But one of the silliest things she did on her excursion was bring me home some really expensive coffee from the PI made of marsupial crap.

 

Picture me saying, 'Gee, thanks.'

 

Hmmm, methinks the Fils heard about the price of this:

 

http://en.wikipedia.org/wiki/Kopi_Luwak

 

Kopi luwak is the most expensive coffee in the world, selling for between US $100 and $600 per pound.[1] It is sold by weight mainly in Japan[citation needed] and the United States and served in Southeast Asian coffeehouses by the cup. Sources vary widely as to annual worldwide production.[6]

 

Sumatra is the world's largest regional producer of kopi lowak. Sumatran civet coffee beans are mostly an early arabica variety cultivated in the Indonesian archipelago since the seventeenth century.

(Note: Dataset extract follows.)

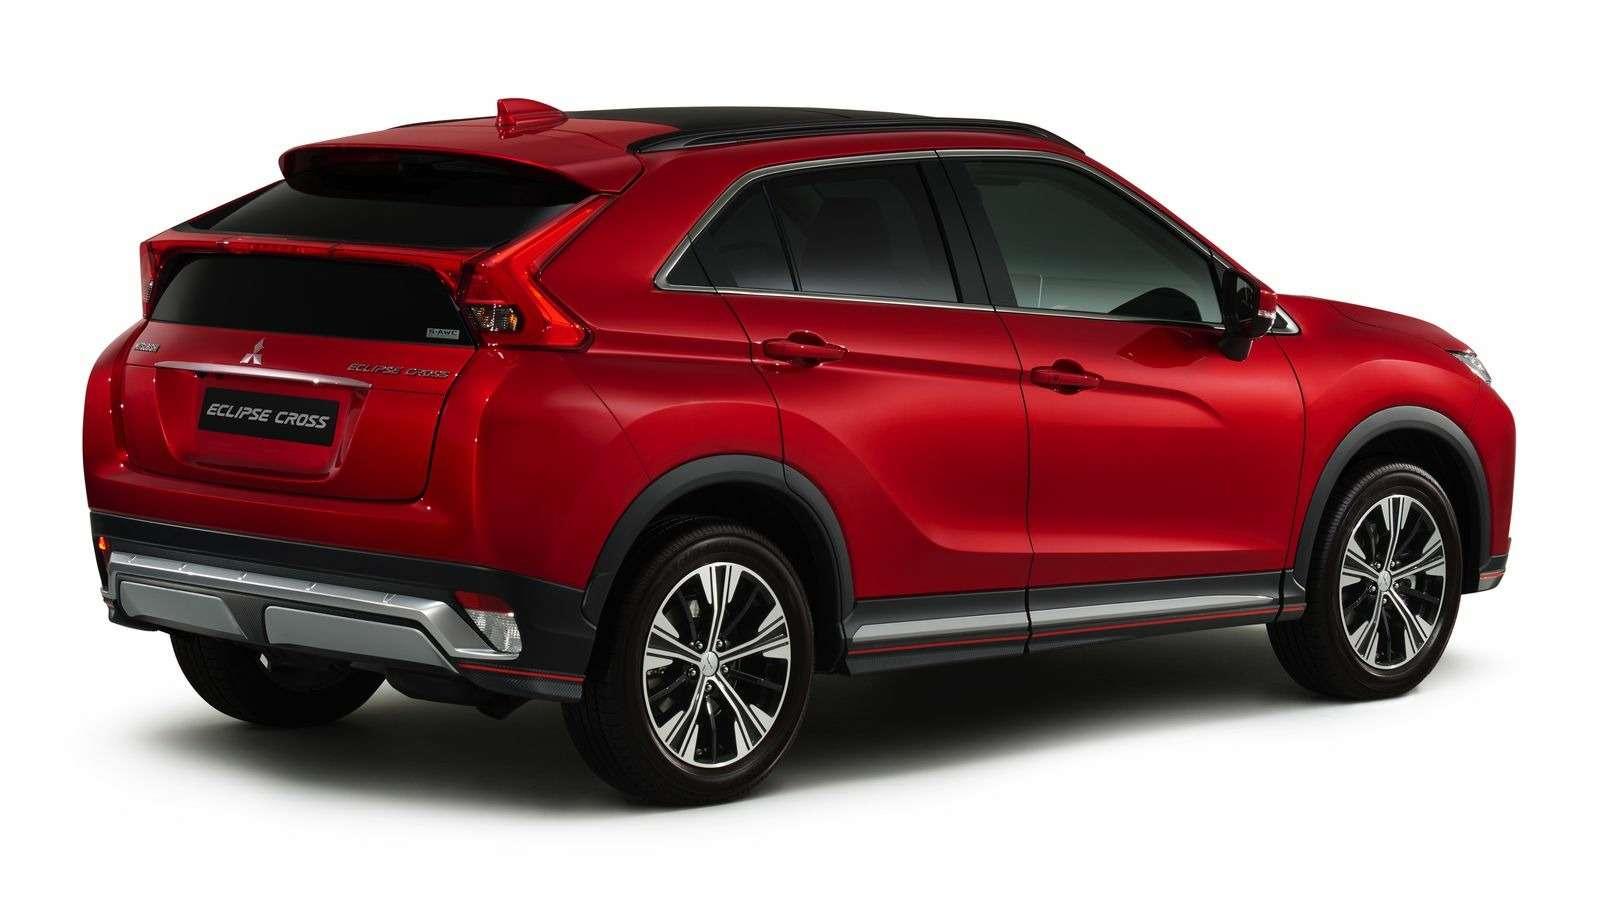 Mitsubishi объявила рублевые цены наEclipse Cross— фото 855005

Tagalog cafe alamid (or alamid cafe) comes from civets fed on a mixture of coffee beans and is sold in the Batangas region along with gift shops near airports in the Philippines.

 

My reading of the PI version is that they keep captive civets and force feed them the beans - exactly what the difference in taste would be, I'm not sure, but in both cases you are drinking *coffee*, not animal dung per se. Granted, I wouldnt be lining up to sample anything that had been through a human digestive tract, regardless of how exotic the owner may have been.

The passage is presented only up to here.